Не помню, сколько мне было лет, когда отец стал подолгу работать дома — вязать носки на специальной машинке. Он все время крутил ее ручку (машинка была с ручным приводом), что-то проделывал с нитками и спицами и вел со мной разного рода беседы, рассказывал. Особенно много о революции. Мне она казалась чем-то очень далеким, а для него только пятнадцать лет прошло (я уже в эмиграции семнадцать). Больше всего ему нравилась Февральская бескровная, принесшая свободу всем и равноправие евреям. Рассказывал он о Гражданской войне и о Троцком. От него я узнал, что Троцкий был хорошим оратором, организатором Красной Армии, но теперь выслан, потому что у него другие взгляды. Это меня очень огорчило. Как же так — ведь настоящий революционер, в главном за «нас», и вдруг такая незадача. Я высказывал мудрую надежду, что он исправится и вернется.

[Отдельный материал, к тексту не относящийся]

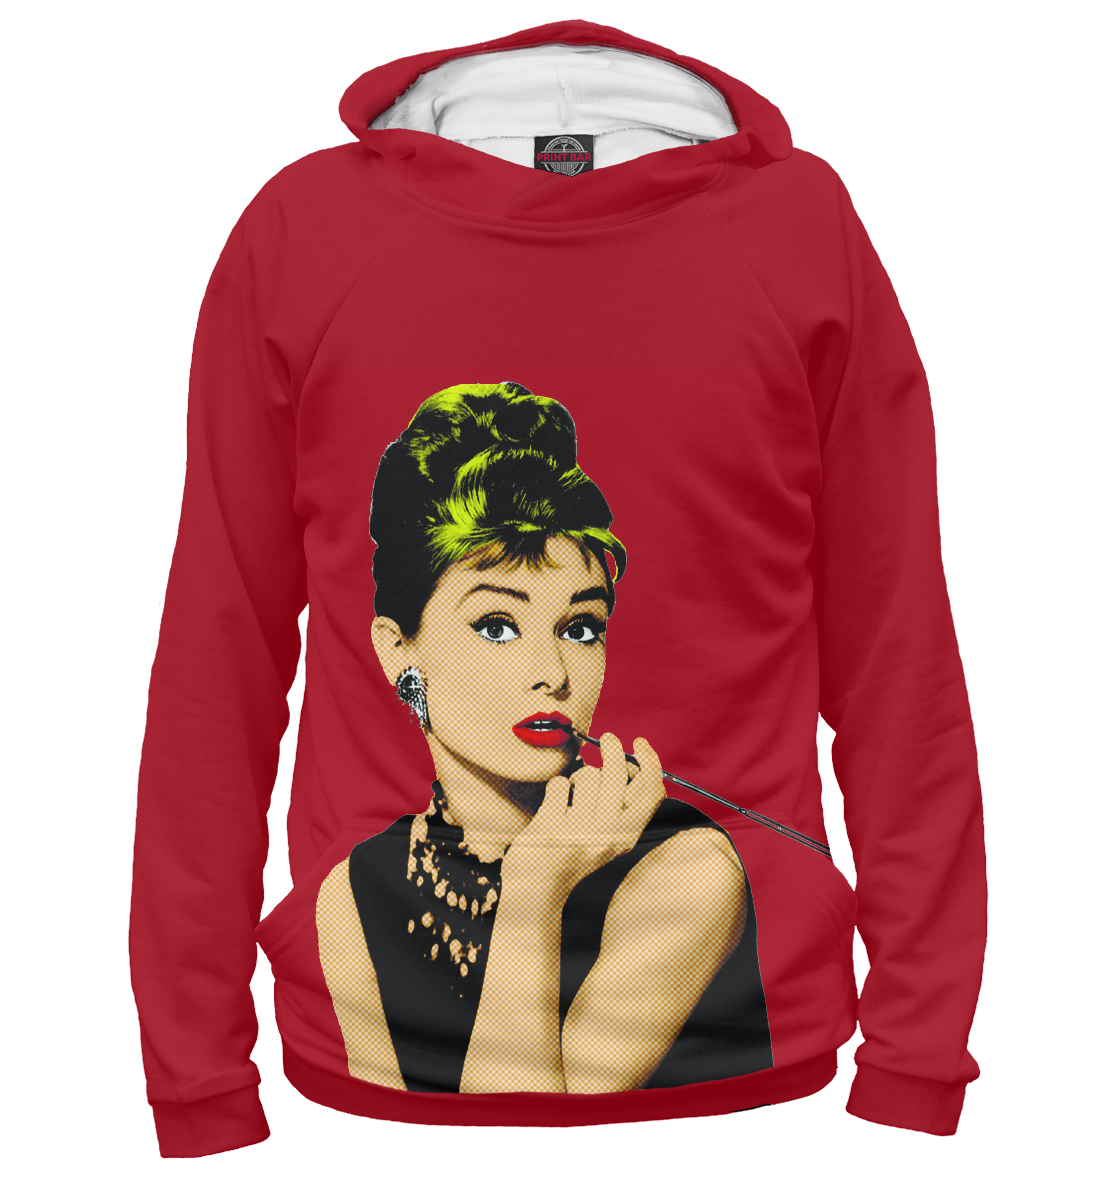 Купить Одри Хепберн, Printbar, Худи, POP-902421-hud-1

Отец обычно разговаривал со мной как со взрослым, пытаясь серьезно, объективно разобраться во всем, что знал и помнил, но тут он промолчал. Не из осторожности — разговор по тем временам не был опасным: Троцкий уже считался оппортунистом, но еще не врагом, не шпионом и предателем. Просто попробуй объясни такое ребенку. Да и вообще откуда ему было знать кремлевскую кухню? Но чувствовалось, что такой идиллический исход внутрипартийной свары ему не кажется реальным. Теперь я понимаю, что судьба Троцкого его вообще мало интересовала. Свою фразу о «красивой» идее, от которой люди на улицах умирают, он высказал тоже здесь, сидя за этой машинкой. Из большевиков он отдавал предпочтение скорее Бухарину, поскольку тот был ближе к здравому смыслу. Он подписывался на «Известия», которые редактировал Бухарин, и считал эту газету самой культурной. Я же про Бухарина ничего не знал, а культурностью и вовсе не интересовался — в пролетарских детских журналах она не котировалась (другое дело — положительные знания, в которых сила). Но — западало. Западало и запало. И с тех пор плакатное изображение истории меня раздражало и отталкивало. Всегда, даже в краткий период моего сталинизма, предохранило от растворения в идиотизме сталинщины. Должен сказать, что умению быть объективным, стремиться понять другую сторону, просто других людей, без которого не существует ни художника, ни личности вообще, я научился — пусть не сразу и не только — именно у отца.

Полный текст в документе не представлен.